Vanilla Options Basics
There are two main types of options, calls and puts.
- Call options provide the holder the right (but not the obligation) to purchase an underlying asset at a specified price (the strike price), for a certain period of time. If the stock fails to meet the strike price before the expiration date, the option expires and becomes worthless. Investors buy calls when they think the share price of the underlying security will rise or sell a call if they think it will fall. Selling an option is also referred to as ”writing” an option.
- Put options give the holder the right to sell an underlying asset at a specified price (the strike price). The seller (or writer) of the put option is obligated to buy the stock at the strike price. Put options can be exercised at any time before the option expires. Investors buy puts if they think the share price of the underlying stock will fall, or sell one if they think it will rise. Put buyers – those who hold a “long” – put are either speculative buyers looking for leverage or “insurance” buyers who want to protect their long positions in a stock for the period of time covered by the option. Put sellers hold a “short” expecting the market to move upward (or at least stay stable) A worst-case scenario for a put seller is a downward market turn. The maximum profit is limited to the put premium received and is achieved when the price of the underlying is at or above the option’s strike price at expiration. The maximum loss is unlimited for an uncovered put writer.
The trade will still involve being long one currency and short another currency pair. In essence, the buyer will state how much they would like to buy, the price they want to buy at, and the date for expiration. A seller will then respond with a quoted premium for the trade. Traditional options may have American or European style expirations. Both the put and call options give traders a right, but there is no obligation. If the current exchange rate puts the options out of the money (OTM), then they will expire worthlessly.

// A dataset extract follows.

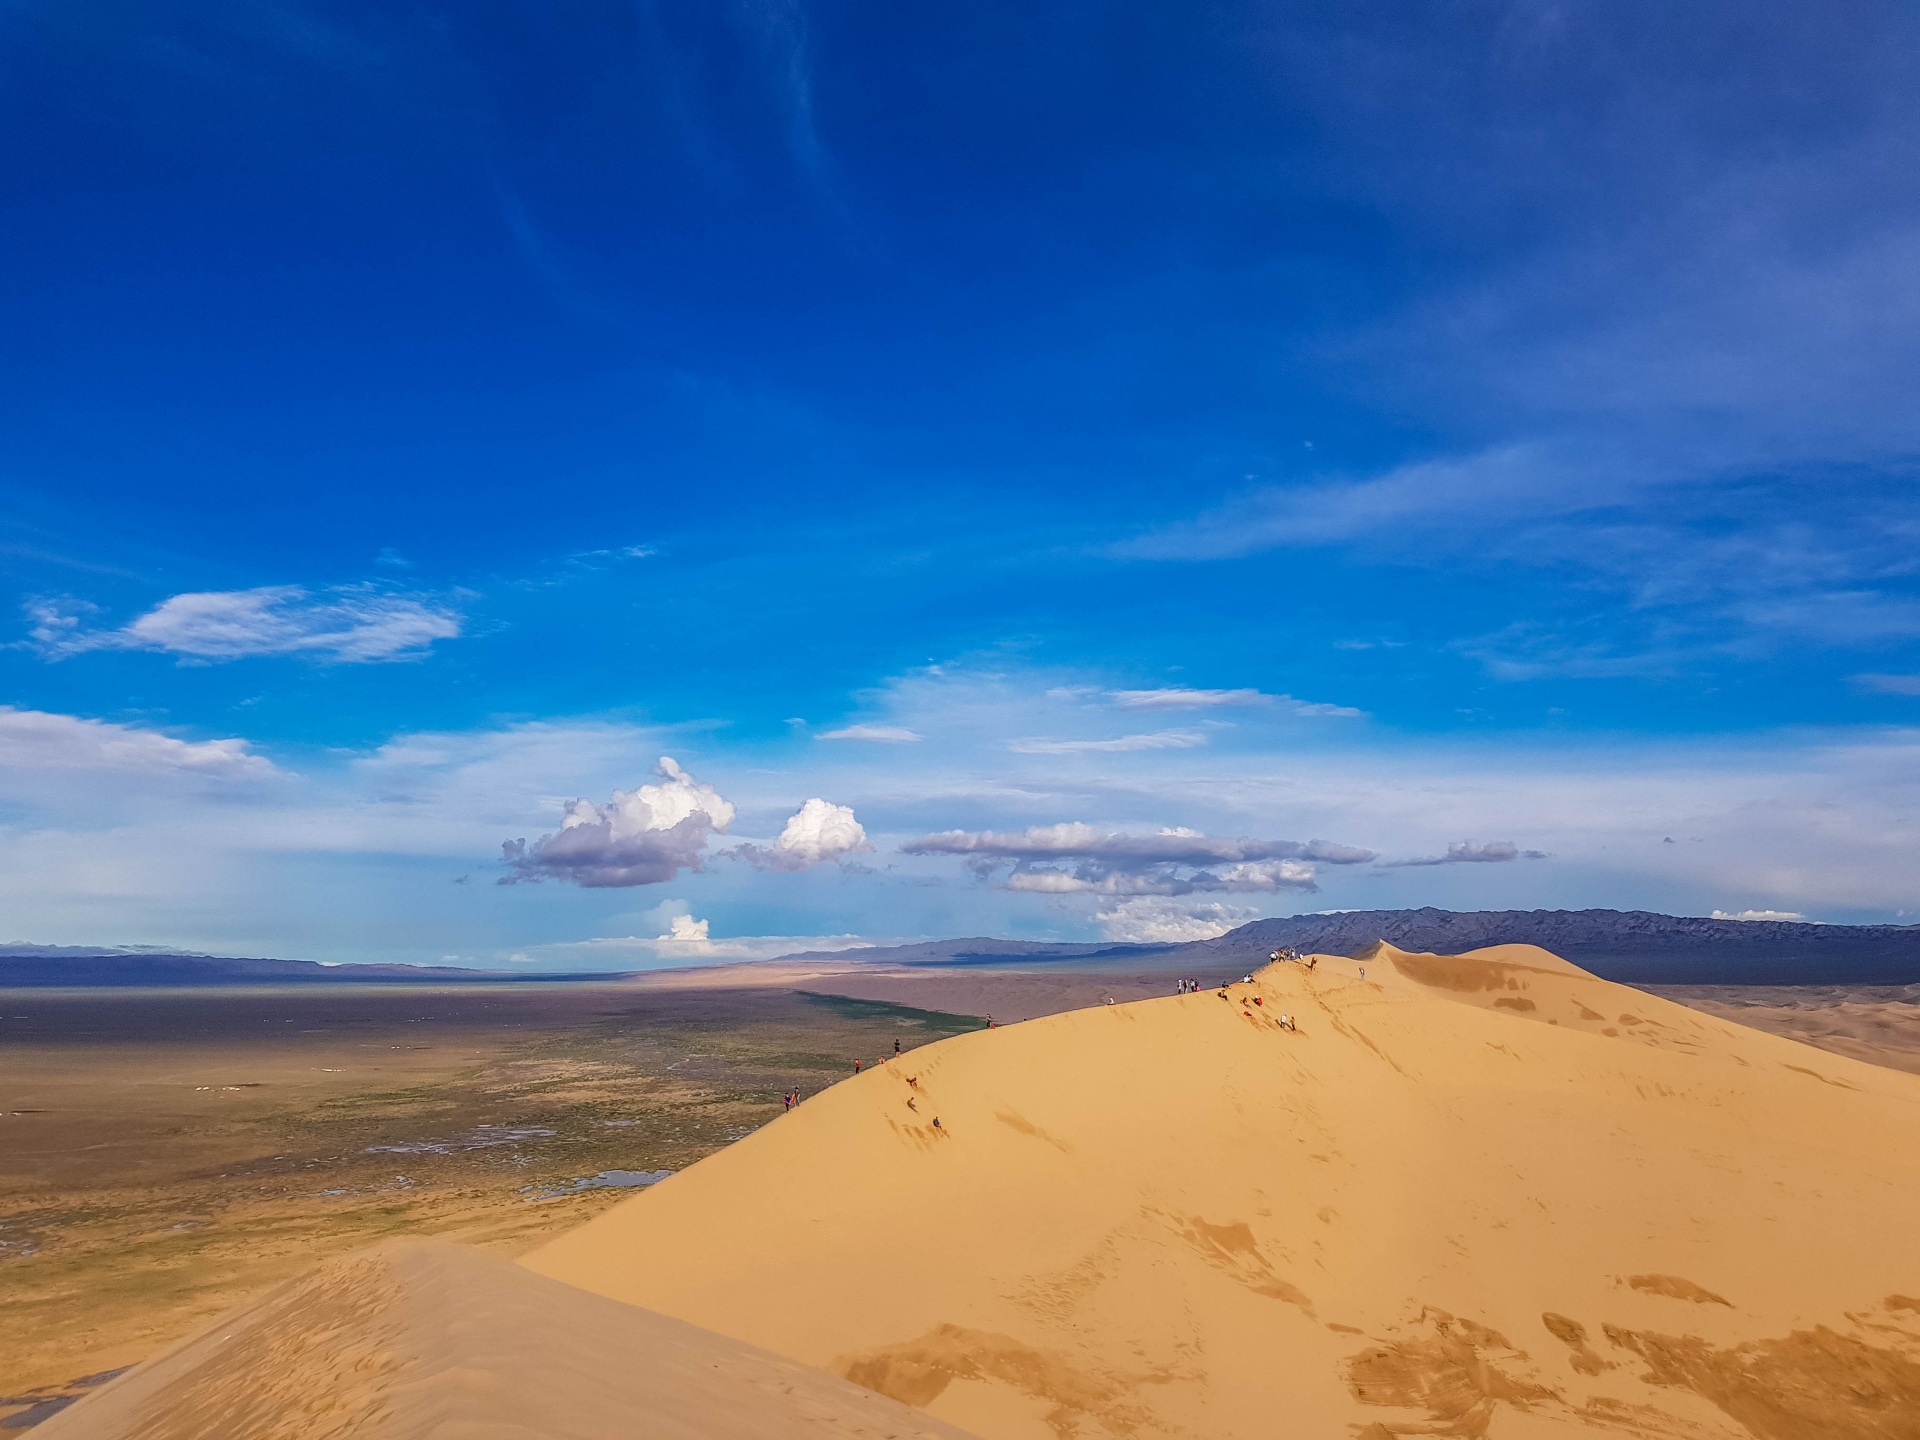 Gobi Desert, Sliding dunes, Wandering sneakers, Desert wanderlust, 1920x1440 HD Desktop

An exotic option used to trade currencies include single payment options trading (SPOT) contracts. Spot options have a higher premium cost compared to traditional options, but they are easier to set and execute. A currency trader buys a SPOT option by inputting a desired scenario (e.g. “I think EUR/USD will have an exchange rate above 1.5205 15 days from now”) and is quoted a premium. If the buyer purchases this option, the SPOT will automatically pay out if the scenario occurs. Essentially, the option is automatically converted to cash.
The SPOT is a financial product that has a more flexible contract structure than the traditional options. This strategy is an all-or-nothing type of trade, and they are also known as binary or digital options. The buyer will offer a scenario, such as EUR/USD will break 1.3000 in 12 days. They will receive premium quotes representing a payout based on the probability of the event taking place. If this event takes place, the buyer gets a profit. If the situation does not occur, the buyer will lose the premium they paid. SPOT contracts require a higher premium than traditional options contracts do. Also, SPOT contracts may be written to pay out if they reach a specific point, several specific points, or if it does not reach a particular point at all. Of course, premium requirements will be higher with specialized options structures.
Additional types of exotic options may attach the payoff to more than the value of the underlying instrument at maturity, including but not limited to characteristics such as at its value on specific moments in time such as an Asian option, a barrier option, a binary option, a digital option, or a lookback option.